Would you please output, word for word, the span of the listing below that opens on the line containing "Double-Layer Storage Shelf" and closes on the line containing "Гель лак кошачий"? Include both ends and nothing more.

→ Source material:

━━━━━━━━━━━━━━━━━━━━

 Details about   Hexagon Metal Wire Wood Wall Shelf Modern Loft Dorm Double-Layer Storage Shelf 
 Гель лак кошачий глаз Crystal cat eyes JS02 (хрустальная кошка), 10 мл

━━━━━━━━━━━━━━━━━━━━

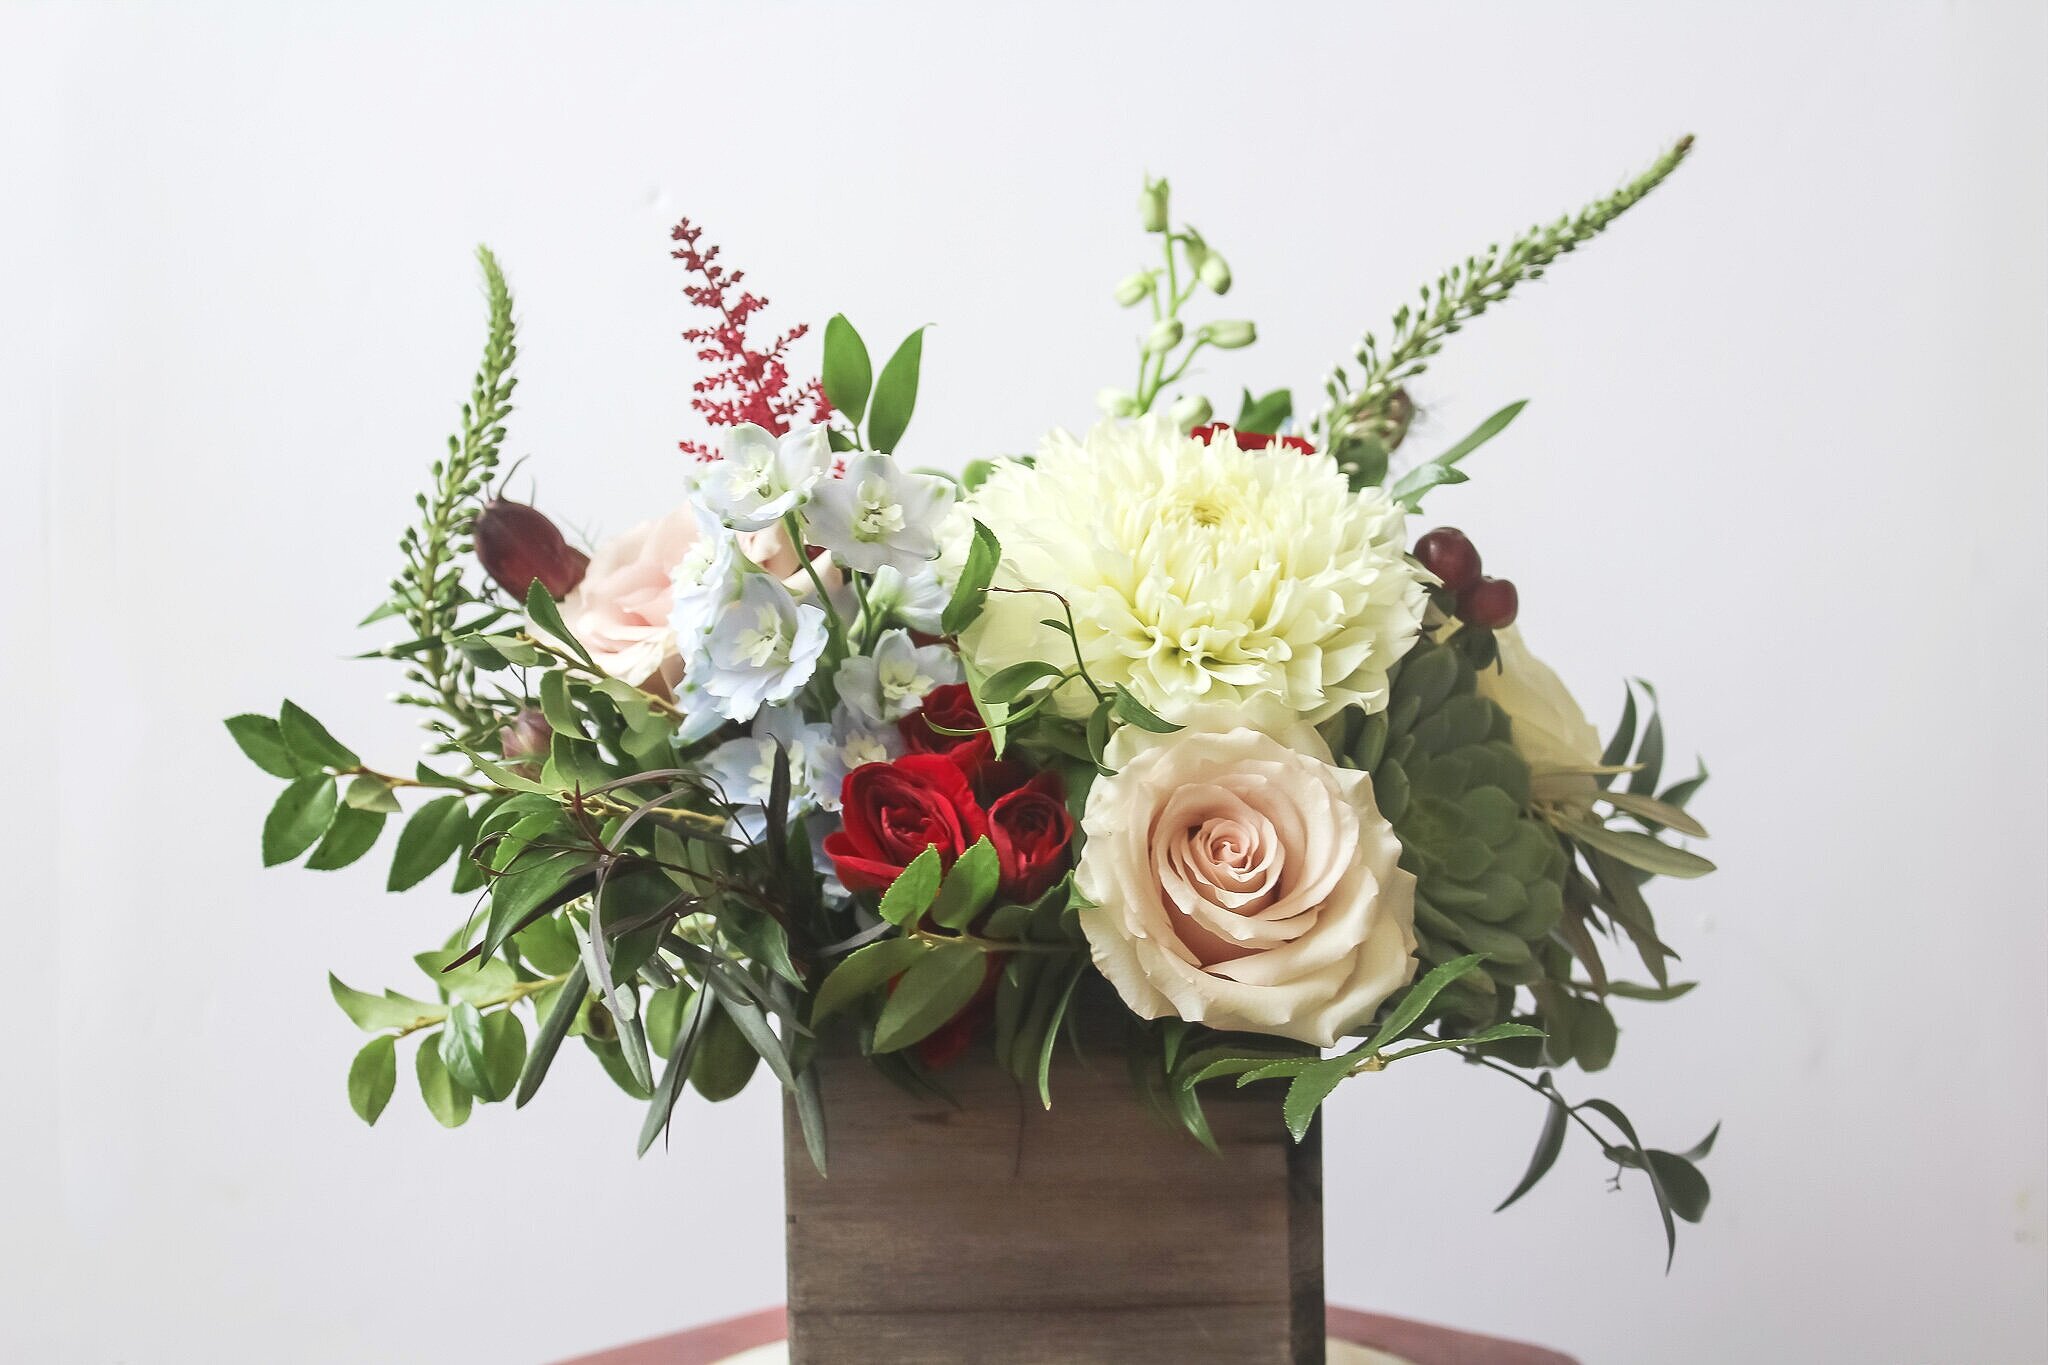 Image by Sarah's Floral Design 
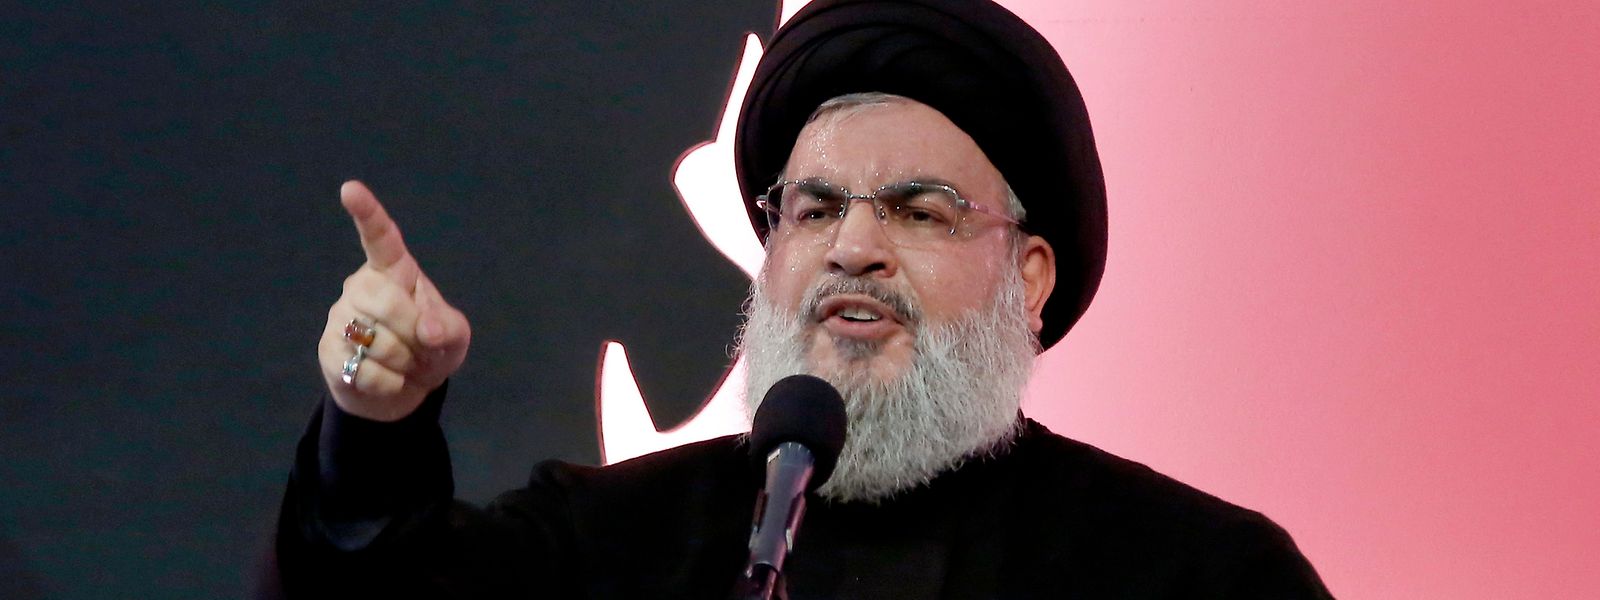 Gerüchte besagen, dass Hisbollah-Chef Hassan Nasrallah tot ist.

━━━━━━━━━━━━━━━━━━━━

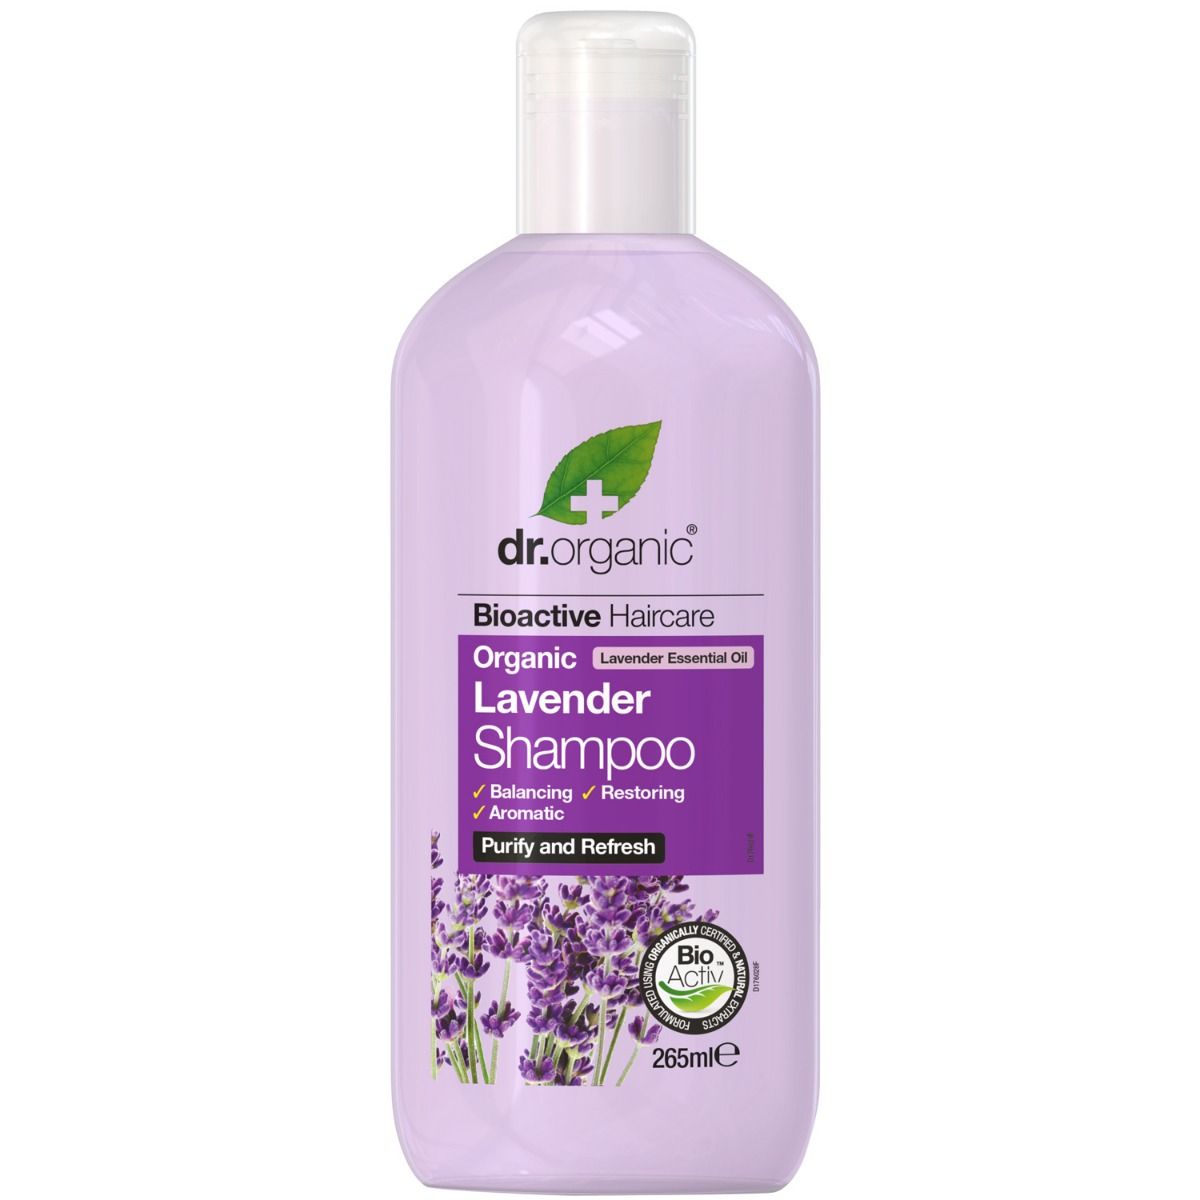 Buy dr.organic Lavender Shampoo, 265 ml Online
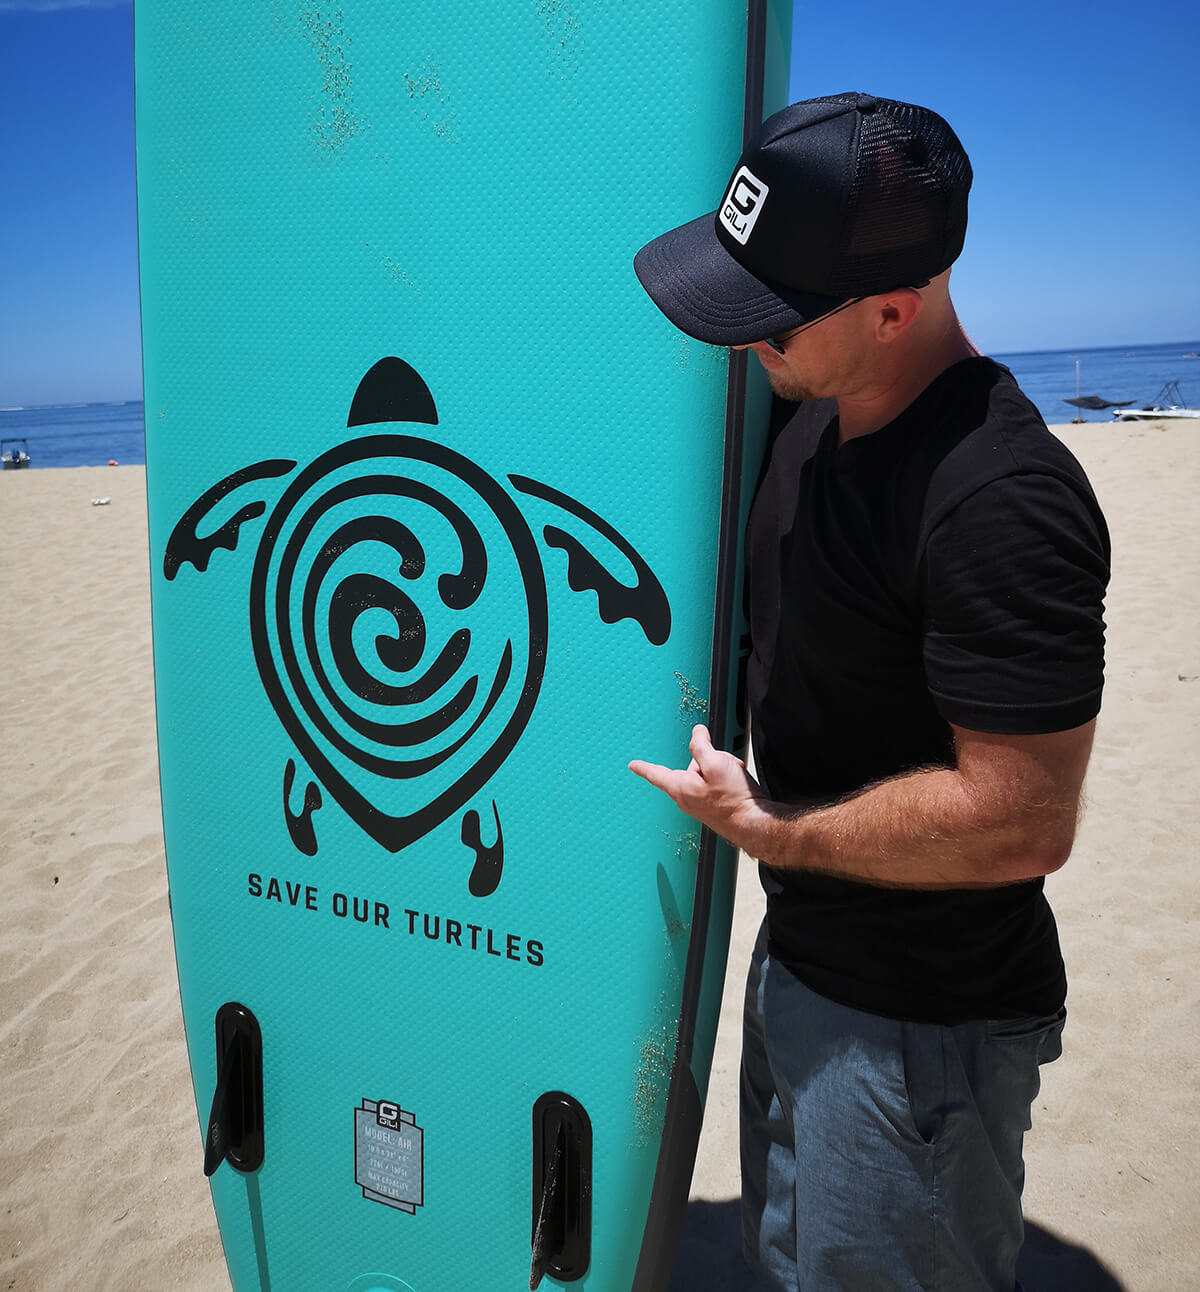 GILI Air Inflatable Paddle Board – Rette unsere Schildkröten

━━━━━━━━━━━━━━━━━━━━

→ Final answer:
 Details about   Hexagon Metal Wire Wood Wall Shelf Modern Loft Dorm Double-Layer Storage Shelf 
 Гель лак кошачий глаз Crystal cat eyes JS02 (хрустальная кошка), 10 мл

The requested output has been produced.